A : Currently, Ford can produce more than it can sell. The overhead costs for operating a plant do not change very much whether a plant is working at 50 percent or 100 percent capacity. Ford's North American plants currently operate at about 75 percent of capacity. Ford's North American facilities currently have the capacity to build 4.8 million vehicles. It will cut that capacity to 3.6 million by closing the plants. The company sold 2.9 million vehicles in the United States in 2005.

Q : Which plants are closing?

A : Five plants were named; nine more, which will include at least two more assembly plants, will be closed in the coming years. St. Louis Assembly will be idled in a few months. Wixom Assembly will be idled by the summer of 2007. Other facilities slated to be idled, most likely by the end of 2008 are: Atlanta Assembly, Batavia Transmission, Windsor Casting. The other facilities to close will be named at a later time.

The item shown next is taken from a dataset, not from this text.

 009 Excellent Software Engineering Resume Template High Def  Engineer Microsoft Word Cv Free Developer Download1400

Q : What is the difference between idling a plant and closing it?

A : Due to Ford's contract with the UAW, most plants cannot be unilaterally closed by Ford without the union's consent. A plant that is idled is shut down and no additional production is done there, however, technically, it is not closed.

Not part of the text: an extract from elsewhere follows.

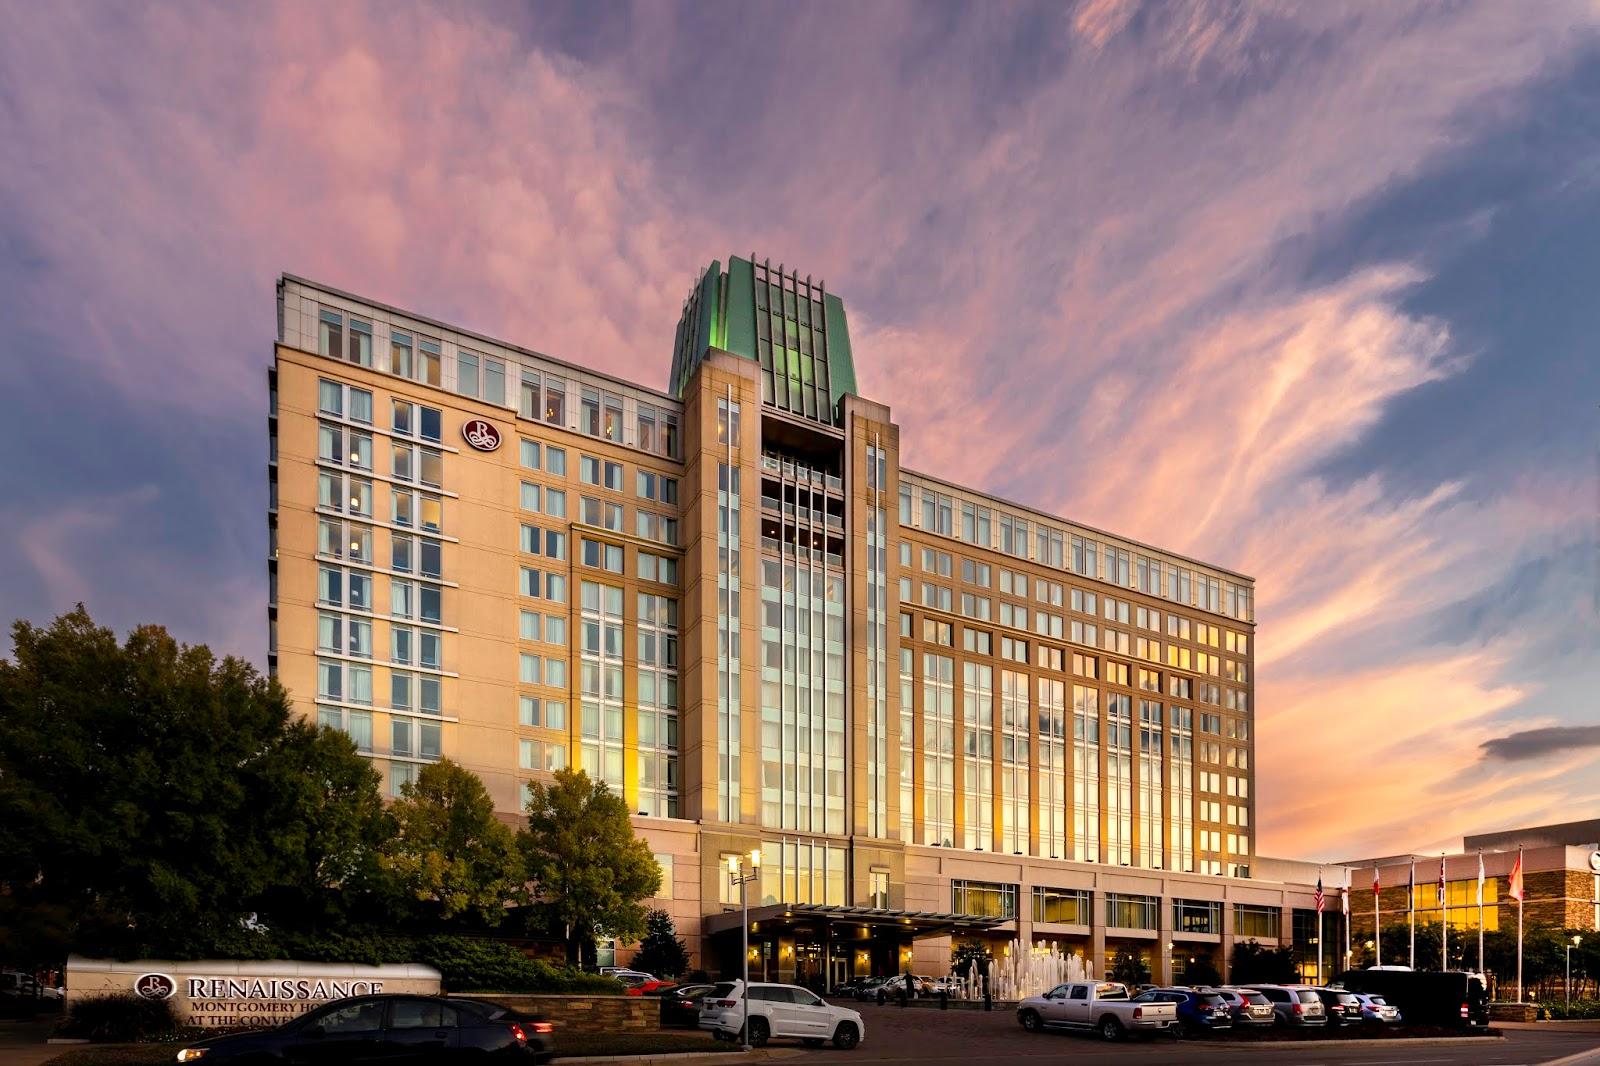 Renaissance Montgomery Hotel & Spa in Montgomery, Alabama

Q : Could there be additional cuts not mentioned during Monday's announcement?

A : Visteon Corp., formerly a part of Ford, returned 23 facilities and 18,000 employees, to Ford last year and was not included in current plans. Ford must still find buyers for the former Visteon plants. If the plan doesn't work and help Ford generate profits in North America by 2008, the company may need to make deeper cuts down the road.

Q : How many people will lose their jobs and how soon?

A : All told, Ford intends to reduce its work force by 25,000 to 30,000 people. This includes manufacturing employees and white collar workers. Factory workers will stop working when their individual plant is idled. About 4,000 white collar workers will be out of work by the end of March.

Q : What will happen to those who lose jobs?

A : Some workers will receive settlement packages, others will be offered early retirement. Under the company's current contract with the UAW, workers at the idled plants will continue to get most of their base pay and benefits until a new contract is negotiated in 2007.

Q : Does the UAW have to approve the restructuring plan?

A : The UAW will have to agree to some portions of the plan. Negotiations between Ford and the union begin in fall 2007.

Q : How will the restructuring plan impact retirees?

A : There are no planned changes to retiree benefits.

Q : What will this mean for Michigan's economy?

A : Over the short run, any time a factory closes, it is tough on the economy. When Wixom Assembly is shuttered, it will mean 1,500 people will be unemployed. More important for Michigan's economy will be if any of the remaining nine facilities to be named are in the state. Those closings could further exasperate any economic problems.

Q : Where can I learn more?

A : A number of organizations have information regarding the restructuring. The Ford Web site is www.ford.com and includes the entire plan. The UAW Web site is www.uaw.org. The Detroit News Web site is www.detnews.com and offers additional information.